Job boards commonly surface only a title, company, and a few tags on the listings index, leaving the full role description and requirements on a separate detail page. Crawling both pages produces complete records that remain useful for search, alerts, and analysis.

Scrapy fits this pattern by extracting each detail URL from the listing response and scheduling follow-up requests via response.follow(). Each detail response is parsed by a dedicated callback that yields one structured item, while the listing callback continues walking pagination until the next-page link disappears.

Markup and URL structures change frequently on job boards, and many sites use relative links or multiple hostnames (for example www and jobs).
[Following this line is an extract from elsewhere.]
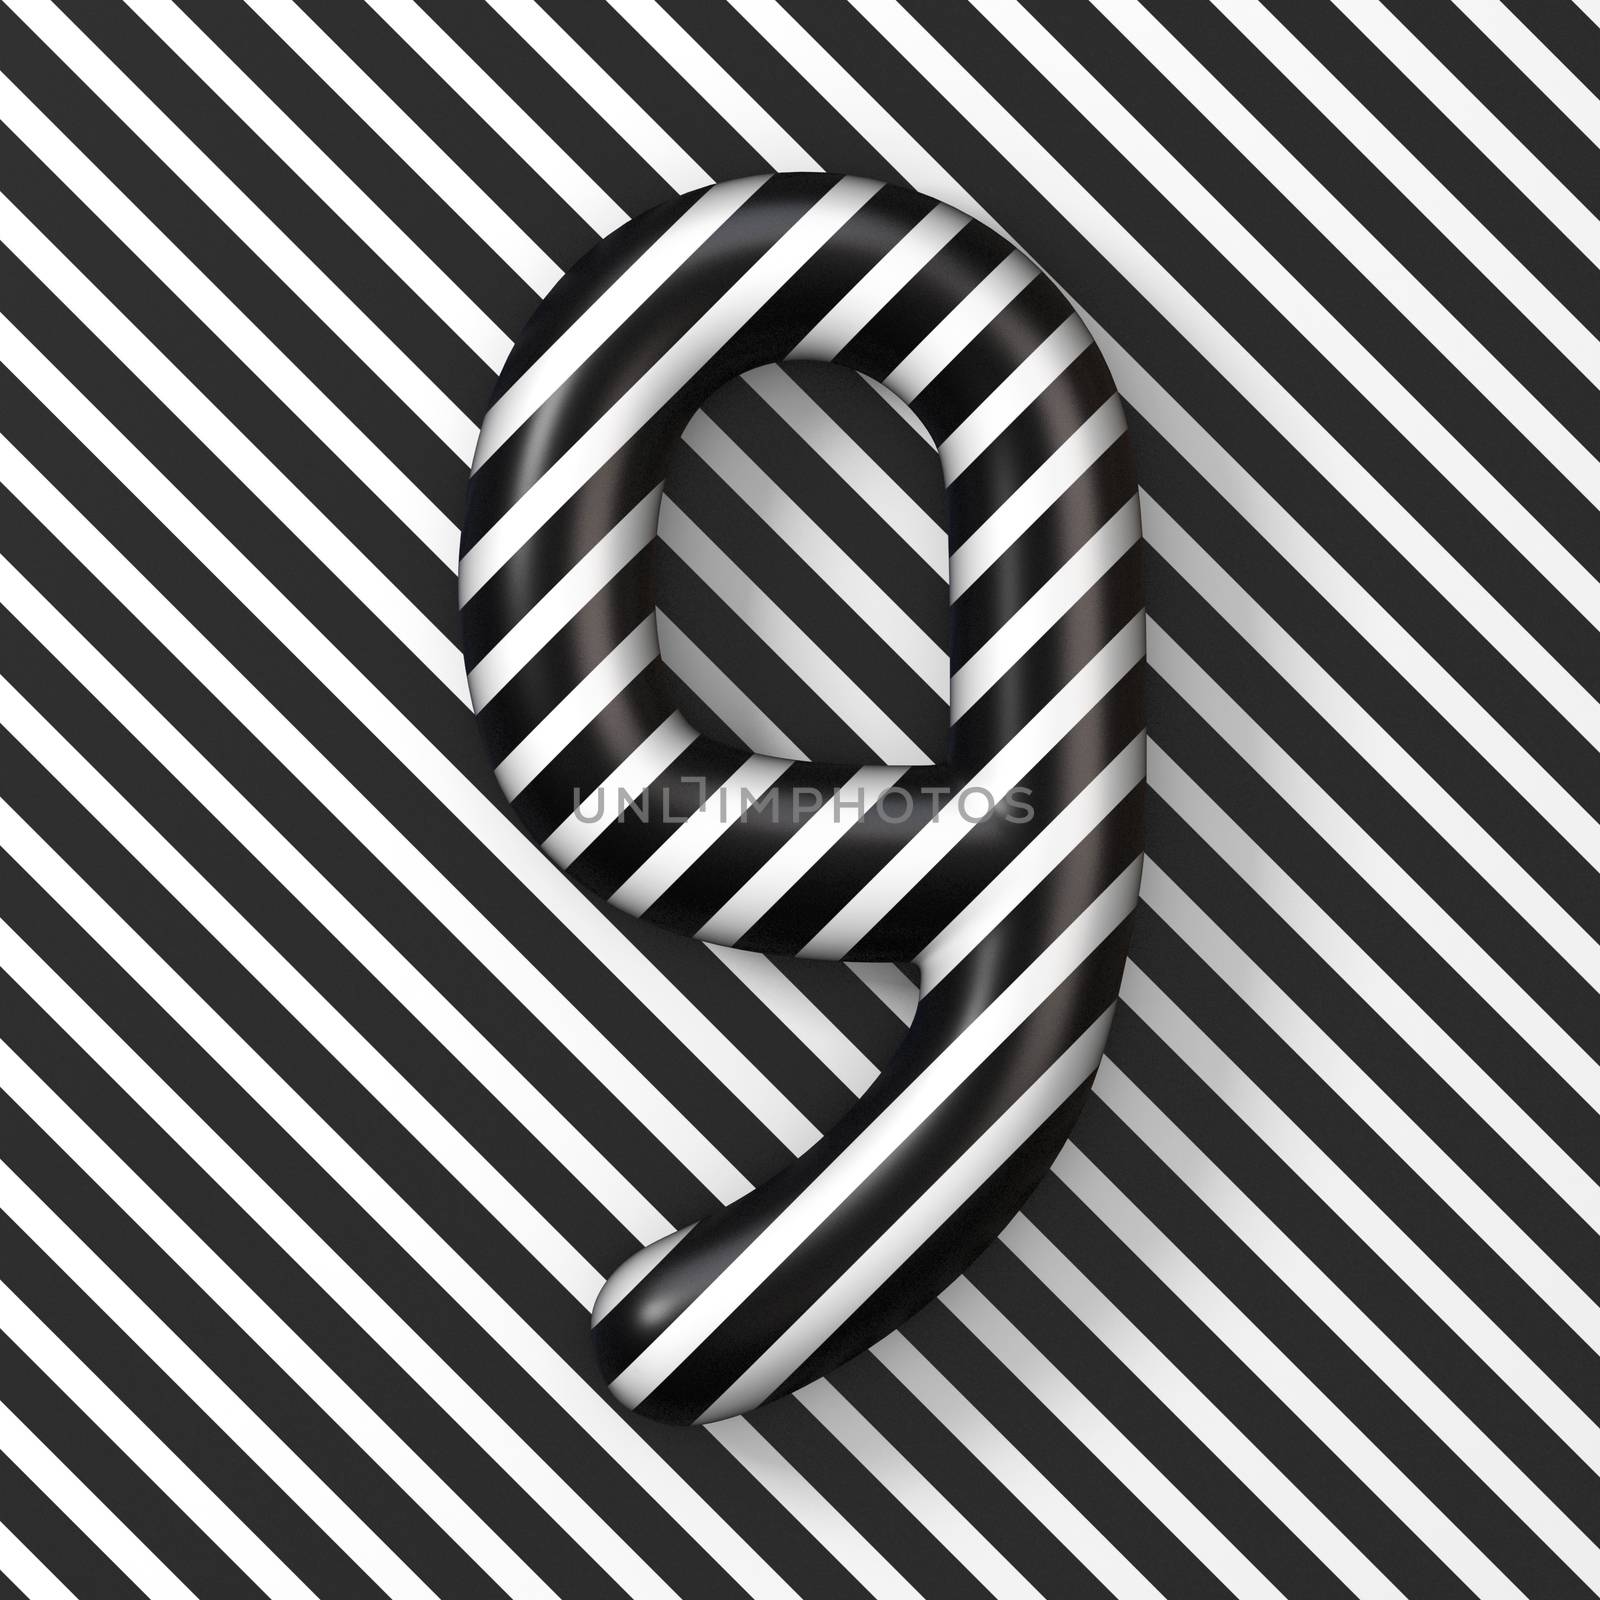 Black and white stripes Number 9 NINE 3D render illustration

Keep the crawl constrained to the intended domain, normalize text to remove noisy whitespace, throttle requests to avoid rate limiting, and expect JavaScript-rendered descriptions to require an underlying API endpoint rather than HTML parsing.

Steps to scrape job listings with detail pages in Scrapy:

  1. Generate a spider for the job board domain.
    $ scrapy genspider jobs app.internal.example
    Created spider 'jobs' using template 'basic' in module:
      job_board.spiders.jobs
  2. Open the spider file for editing.
    $ vi job_board/spiders/jobs.py
  3. Replace the spider code with a two-stage crawl that follows each job card link.
    import scrapy
     
     
    def join_clean_text(texts):
        parts = []
        for text in texts:
            cleaned = text.strip()
            if cleaned:
                parts.append(cleaned)
        return " ".join(parts)
     
     
    class JobsSpider(scrapy.Spider):
        name = "jobs"
        allowed_domains = ["app.internal.example"]
        start_urls = ["http://app.internal.example:8000/jobs/"]
     
        custom_settings = {
            "DOWNLOAD_DELAY": 1.0,
            "CONCURRENT_REQUESTS_PER_DOMAIN": 2,
        }
     
        def parse(self, response):
            for card in response.css("article.job"):
                detail_href = card.css("a::attr(href)").get()
                if not detail_href:
                    continue
                yield response.follow(detail_href, callback=self.parse_job)
     
            next_href = response.css("a.next::attr(href)").get()
            if next_href:
                yield response.follow(next_href, callback=self.parse)
     
        def parse_job(self, response):
            description = join_clean_text(
                response.css("div.job-description ::text").getall()
            )
            yield {
                "title": response.css("h1::text").get(default="").strip(),
                "team": response.css(".team::text").get(default="").strip(),
                "location": response.css(".location::text").get(default="").strip(),
                "description": description,
                "url": response.url,
            }

    response.follow() resolves relative href values against the current page URL.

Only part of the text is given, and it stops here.